With the construction set forth above, since the annular groove is not communicated with the tank port and communicated with the tank independently, back pressure may not act on the fluid flowing in the annular groove and drain confluence passage, and the pressure therein becomes low substantially equal to the atmospheric pressure. Then, the annular groove is communicated with the back surface side of the oil seal provided between the spool bore and the spool, the pressure at the back surface side becomes substantially equal to the atmospheric pressure so that the oil seal may not be strongly pressed onto the spool. Thus, sliding resistance of the spool can be lowered.

In addition, the since the annular groove is communicated via the drain confluence passage by stacking and connecting a plurality of valve blocks, it is required to communicate only one annular groove to the tank.
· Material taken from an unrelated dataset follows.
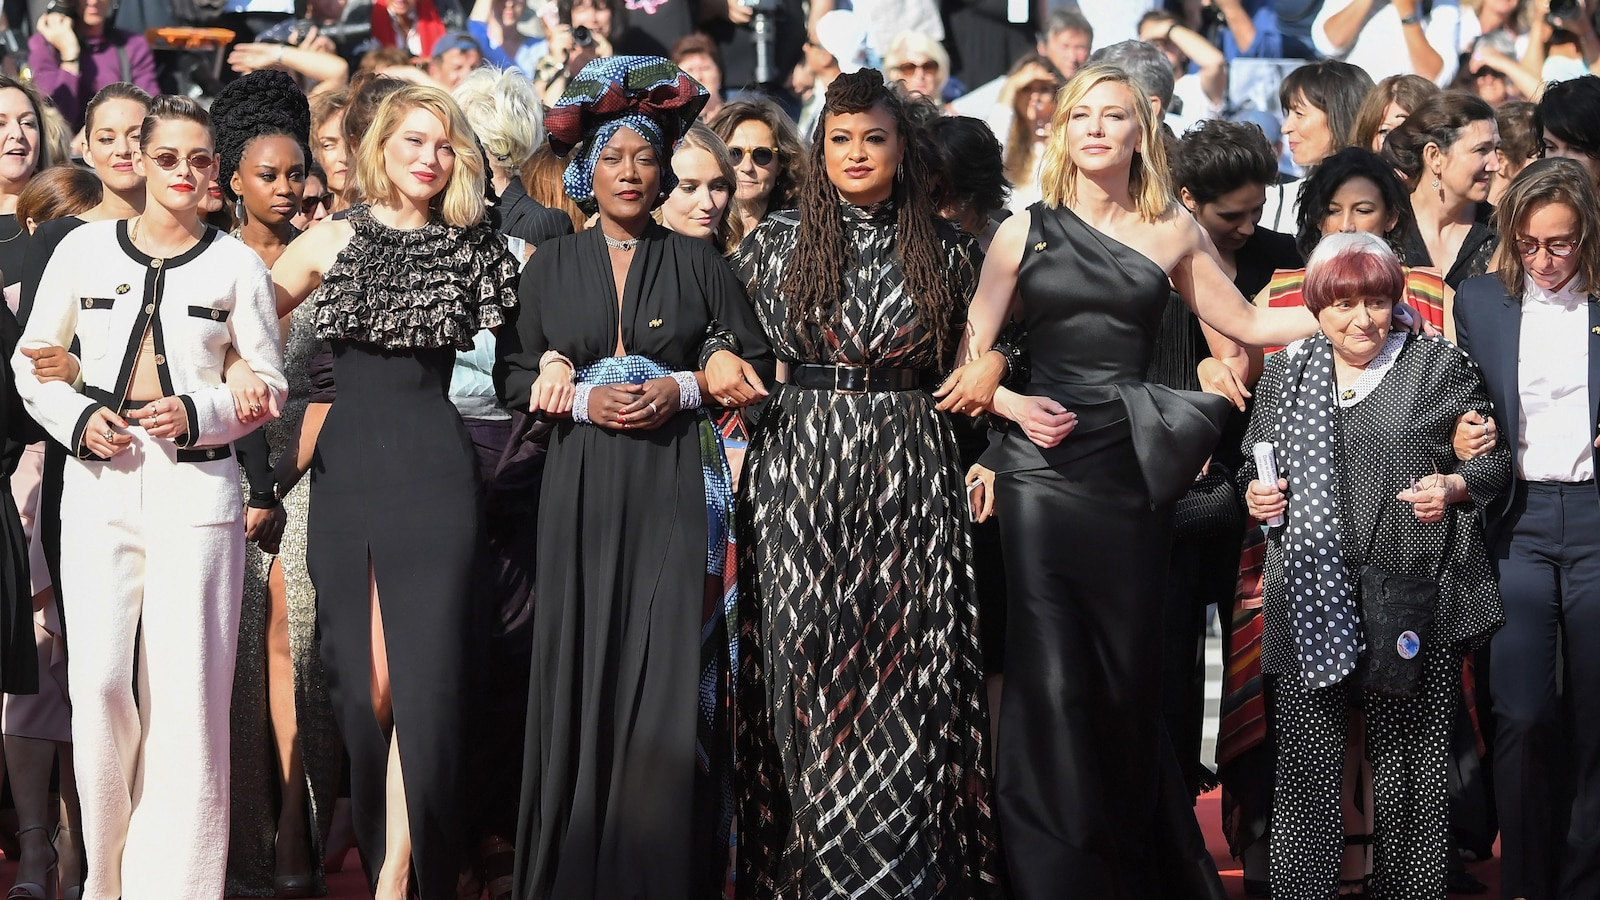 Des dizaines de femmes, bras dessus, bras dessous, ont fait une montée des marches historique au Festival de Cannes.

Thus, construction can be simplified.

In addition to the construction set forth above, the load pressure detecting passage may be communicated with the annular groove via an orifice so that the load pressure detecting passage may be communicated with the drain passage, to which the back pressure does not act.
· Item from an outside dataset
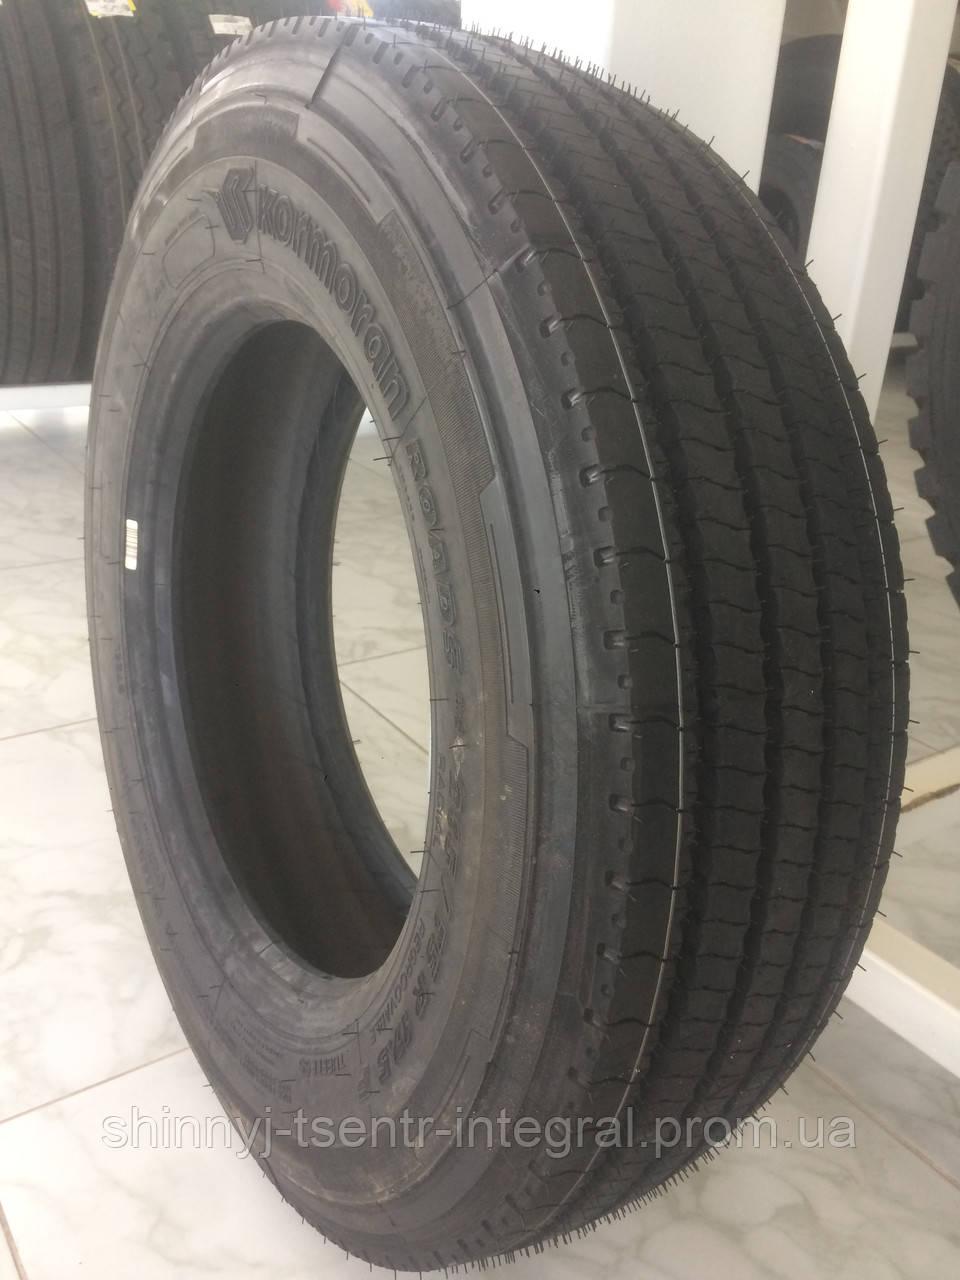 Шины автомобильные грузовые 295/80 R22.5 KORMORAN ROADS 2S TL 152/148 М (рулевая)

In another aspect of the invention, a direction control valve, in which a spool bore having an inlet port, an actuator port and a tank port is formed in a valve block, a spool slidable between positions for establishing and blocking communication of the input port, the actuator port and the tank port, is disposed within the spool bore, the input port and the tank port open to a first mateable surface and a second mateable surface of the valve block, and a plurality of the valve blocks are stacked and connected with mating the first mateable surface and the second mateable surface for establishing communications between the input ports and between the tank ports of the valve blocks,

CHARACTERIZED in that

an annular groove is formed in the second mateable surface of the valve block at a position outside of the ports, an O-ring having smaller width than the groove width of the annular groove is mounted at a position beside the outer periphery of the annular groove for defining a drain passage between the O-ring and the inner periphery of the annular groove, a drain confluence passage communicating with the drain passage is formed with opening in the first mateable surface and the second mateable surface, an oil seal for sealing between the spool bore and the spool is provided and the back surface side of the oil seal is communicated with the drain passage.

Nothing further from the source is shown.